Specializes in Critical Care, ED, Cath lab, CTPAC,Trauma.

  1. The prescriber orders Dopamine 26 mL/min. The medication available is labeled Dopamine 800 mg/500 mL.

Patient weight: 220 lbs

What is the dose being delivered?

Is this exactly as the problem is in your homework?

Double-strength dopamine at 26ml/minute? It doesn't matter how much he weighs-- your patient will be a dead guy pretty quick anyway. :)

(sorry....)(it never hurts to look up the average dose range, and this sure isn't it)

To figure this out, you would have to know that the pt weighs 100kg, and there are 800/500 mg in one cc of the solution he's getting. Now can you figure it out?

KelRN215, BSN, RN

Specializes in Pedi.

I believe the 26mL/min should read 26mL/hr. Try it that way, you should come up with 6.9 mcg/kg/min :)

Yes, this. 26 mL/min is 1560 mL/hr.
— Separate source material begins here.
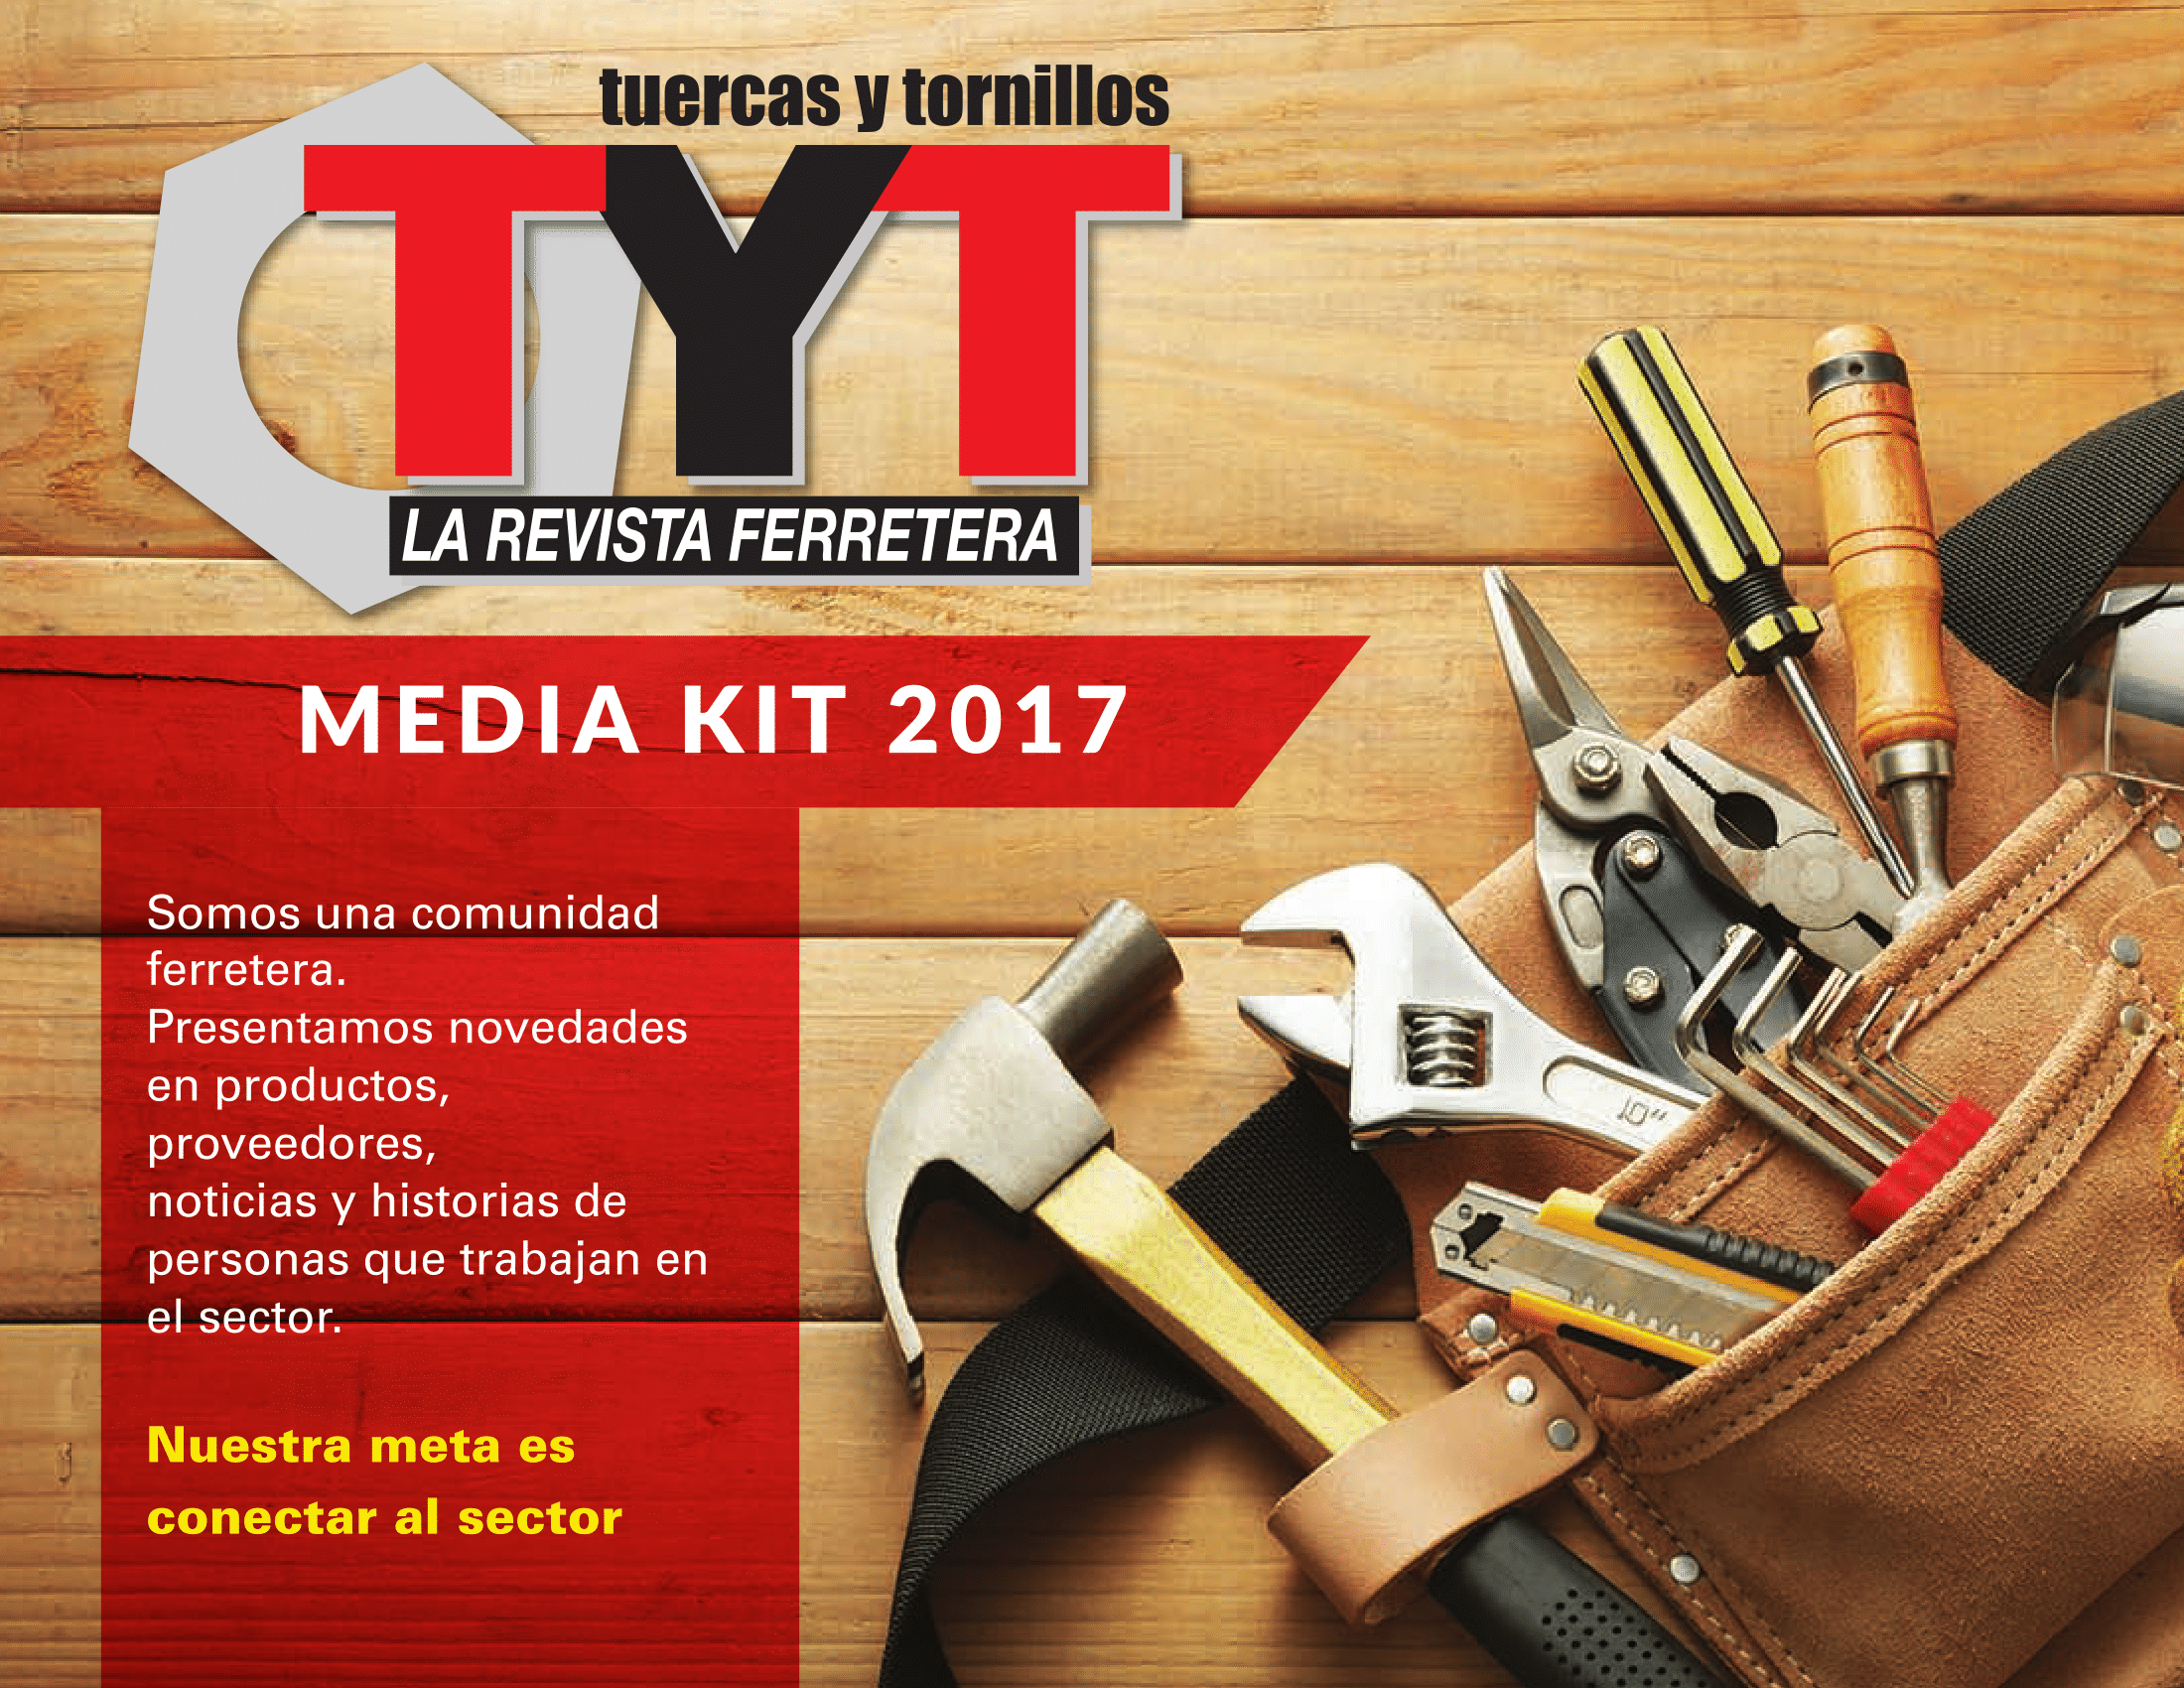 Media Kit TYT 2017- 2(1) (1)-1

There's no way anyone has an IV running that fast. That's 37 L of fluid per day from this medication alone. I'm going to go with no.

And a provider cannot order a medication drip in mL/hr or mL/min, the dose needs to be clarified. This order cannot be safely carried out the way it is written.

Double-strength dopamine at 26ml/minute? It doesn't matter how much he weighs-- your patient will be a dead guy pretty quick anyway.
Maybe the patient got lucky and that 18ga line in the hand infiltrated and he got off with an amputated hand and a multi-million dollar settlement.